[The input Boundary: Start]
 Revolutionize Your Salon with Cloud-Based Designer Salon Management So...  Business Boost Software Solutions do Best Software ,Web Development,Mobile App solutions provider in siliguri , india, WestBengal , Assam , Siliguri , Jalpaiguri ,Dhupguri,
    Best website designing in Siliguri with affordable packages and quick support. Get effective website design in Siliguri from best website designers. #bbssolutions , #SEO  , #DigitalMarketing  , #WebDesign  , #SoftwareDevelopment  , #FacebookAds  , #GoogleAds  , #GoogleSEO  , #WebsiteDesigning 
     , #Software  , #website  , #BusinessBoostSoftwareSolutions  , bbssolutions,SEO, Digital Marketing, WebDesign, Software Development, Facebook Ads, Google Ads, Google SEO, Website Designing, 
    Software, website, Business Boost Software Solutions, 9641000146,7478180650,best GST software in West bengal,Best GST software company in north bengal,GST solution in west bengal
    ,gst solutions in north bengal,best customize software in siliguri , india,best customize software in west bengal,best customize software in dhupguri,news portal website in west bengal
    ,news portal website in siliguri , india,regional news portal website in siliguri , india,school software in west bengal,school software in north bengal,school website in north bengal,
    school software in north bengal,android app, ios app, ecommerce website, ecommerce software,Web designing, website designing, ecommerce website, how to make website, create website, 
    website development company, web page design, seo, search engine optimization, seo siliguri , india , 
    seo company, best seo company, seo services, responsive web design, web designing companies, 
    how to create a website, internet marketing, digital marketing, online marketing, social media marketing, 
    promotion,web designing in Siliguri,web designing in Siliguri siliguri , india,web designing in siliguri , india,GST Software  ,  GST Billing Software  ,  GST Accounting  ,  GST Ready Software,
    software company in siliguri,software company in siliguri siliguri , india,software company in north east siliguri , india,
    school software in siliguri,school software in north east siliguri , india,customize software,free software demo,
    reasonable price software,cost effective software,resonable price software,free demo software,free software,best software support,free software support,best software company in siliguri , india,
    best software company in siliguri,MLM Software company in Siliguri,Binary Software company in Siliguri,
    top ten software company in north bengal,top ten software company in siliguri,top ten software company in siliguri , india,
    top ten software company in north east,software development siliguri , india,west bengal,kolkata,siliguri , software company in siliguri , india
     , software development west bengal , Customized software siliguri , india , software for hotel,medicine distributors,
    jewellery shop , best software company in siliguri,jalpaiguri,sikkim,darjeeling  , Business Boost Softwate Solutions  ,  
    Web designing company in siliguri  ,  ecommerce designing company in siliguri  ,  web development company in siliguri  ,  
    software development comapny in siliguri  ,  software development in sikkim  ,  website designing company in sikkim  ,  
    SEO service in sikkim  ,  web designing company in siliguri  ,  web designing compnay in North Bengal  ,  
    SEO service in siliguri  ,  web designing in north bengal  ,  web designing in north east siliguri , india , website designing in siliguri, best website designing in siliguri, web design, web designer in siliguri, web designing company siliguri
[The input Boundary: End]
[The input Boundary: Start]
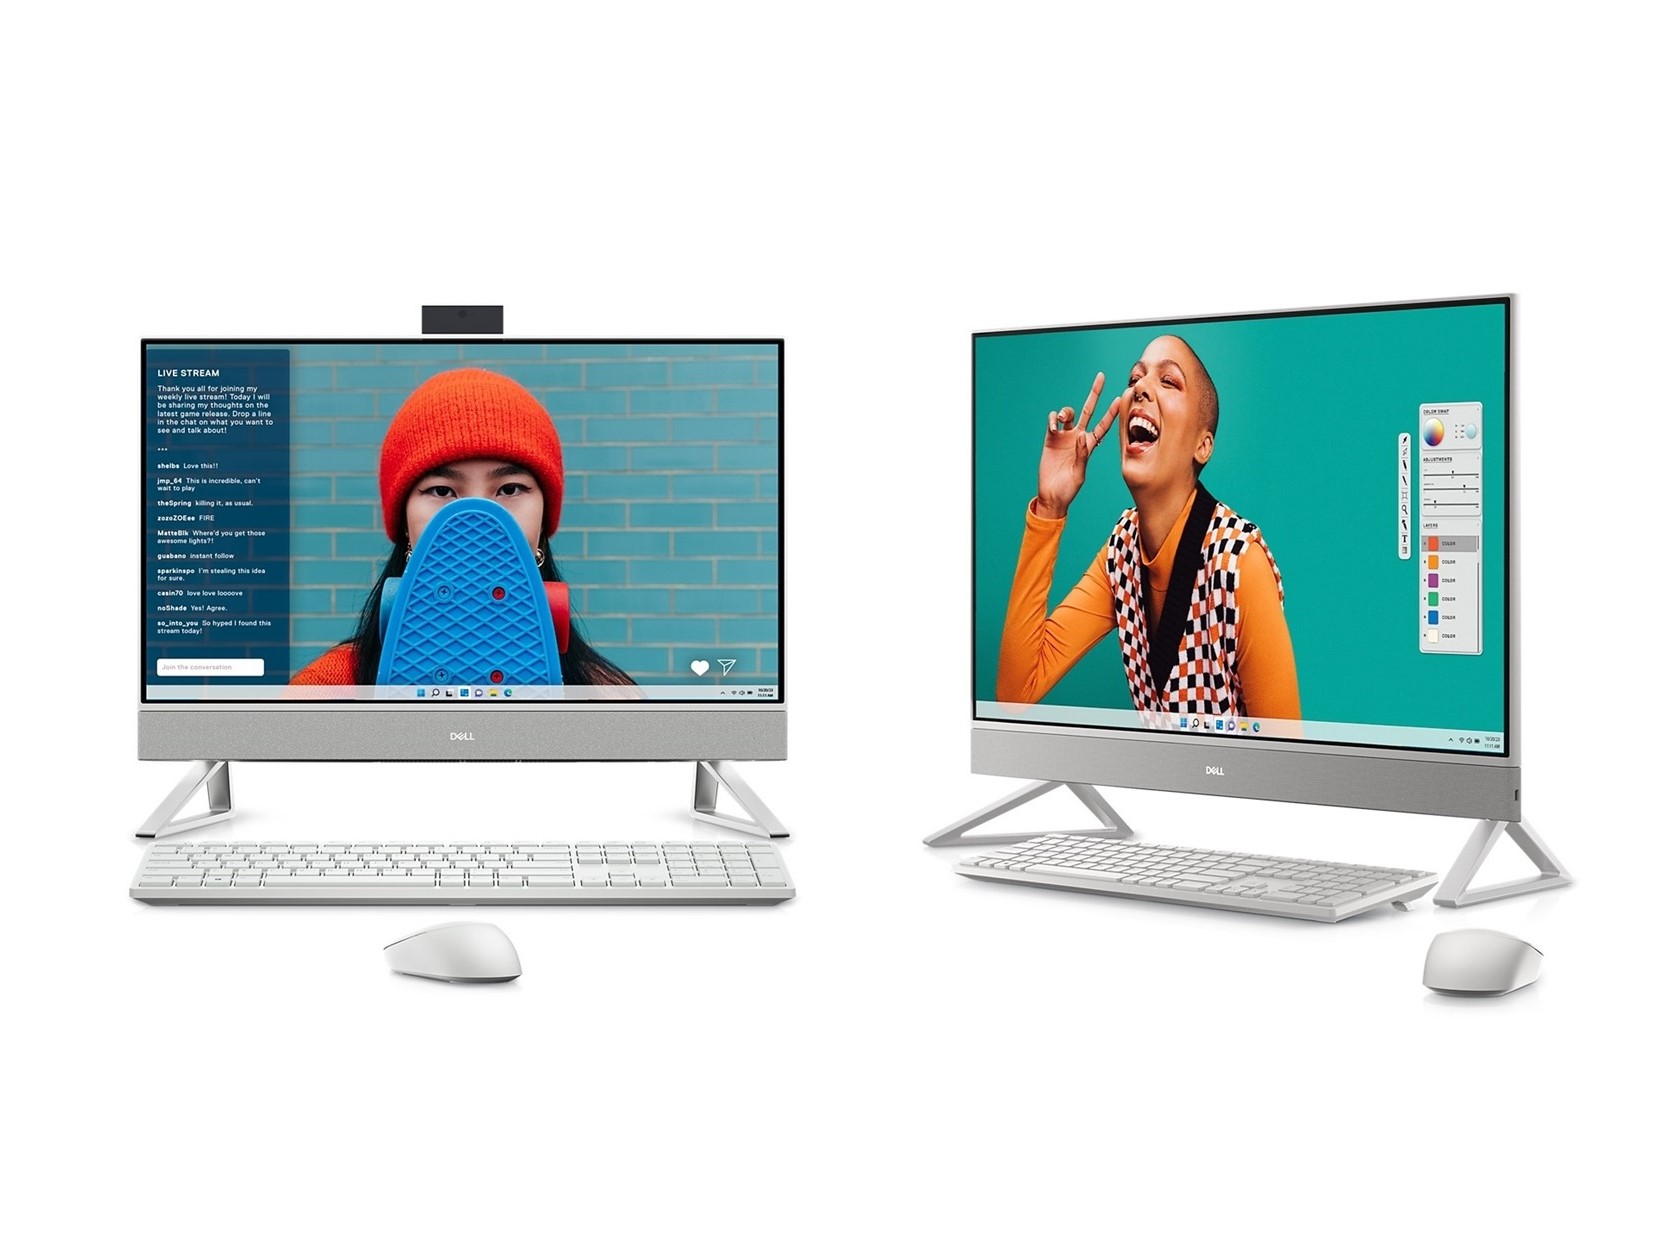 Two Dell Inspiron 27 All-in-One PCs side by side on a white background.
[The input Boundary: End]
[The input Boundary: Start]
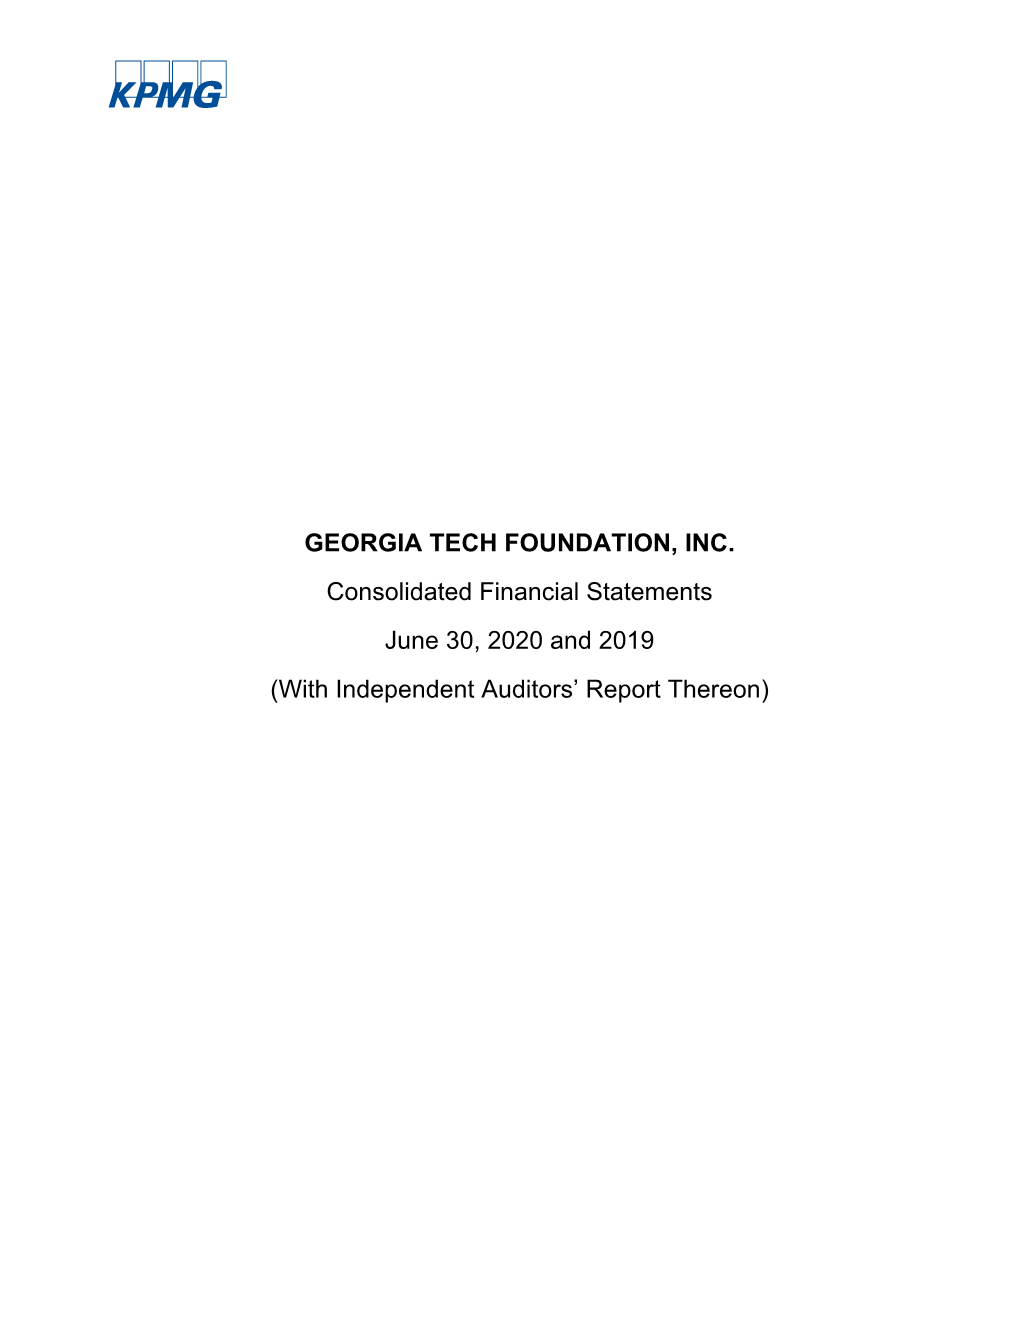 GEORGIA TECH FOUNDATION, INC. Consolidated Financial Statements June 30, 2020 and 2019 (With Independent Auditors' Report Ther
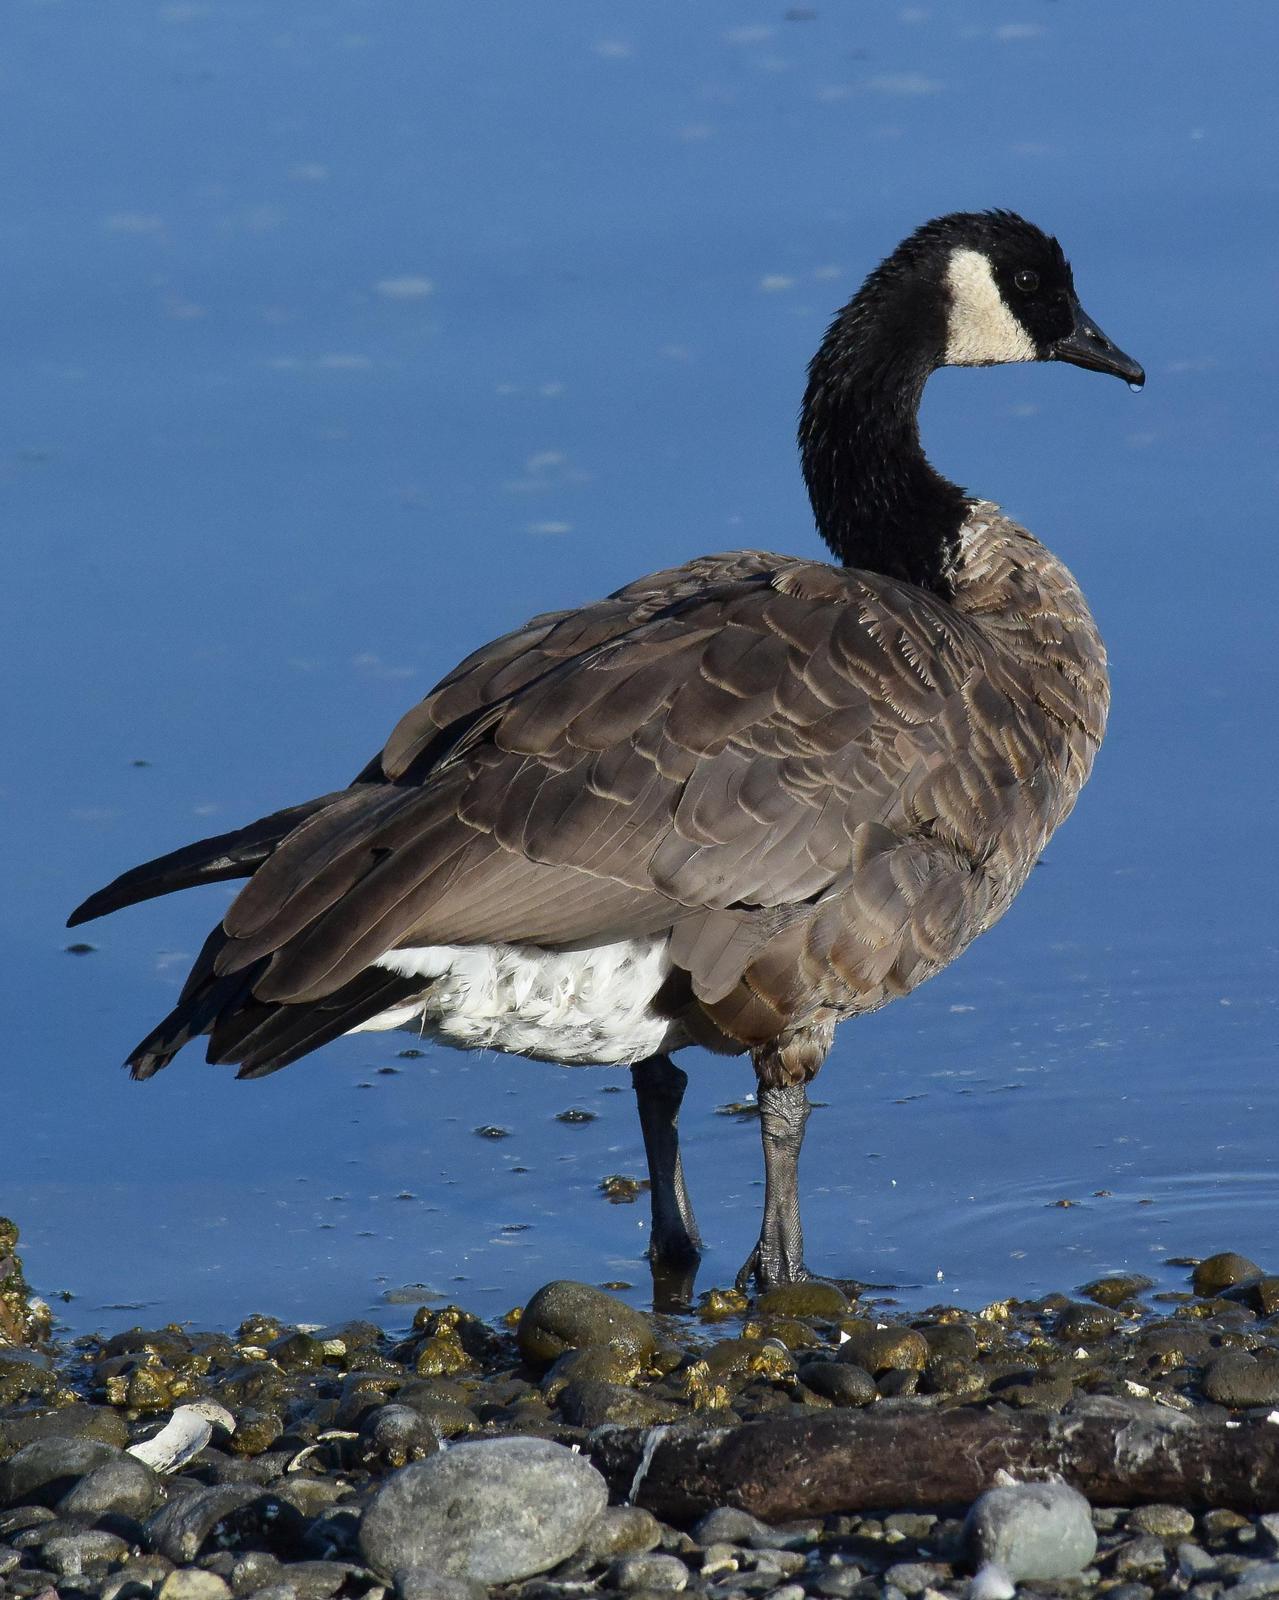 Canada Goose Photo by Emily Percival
[The input Boundary: End]
Find the line with "top ten software company in north bengal,top" in the material above. Reproduce it and each line after it up to and including the line with "jewellery shop , best".

Expected answer:
    top ten software company in north bengal,top ten software company in siliguri,top ten software company in siliguri , india,
    top ten software company in north east,software development siliguri , india,west bengal,kolkata,siliguri , software company in siliguri , india
     , software development west bengal , Customized software siliguri , india , software for hotel,medicine distributors,
    jewellery shop , best software company in siliguri,jalpaiguri,sikkim,darjeeling  , Business Boost Softwate Solutions  ,  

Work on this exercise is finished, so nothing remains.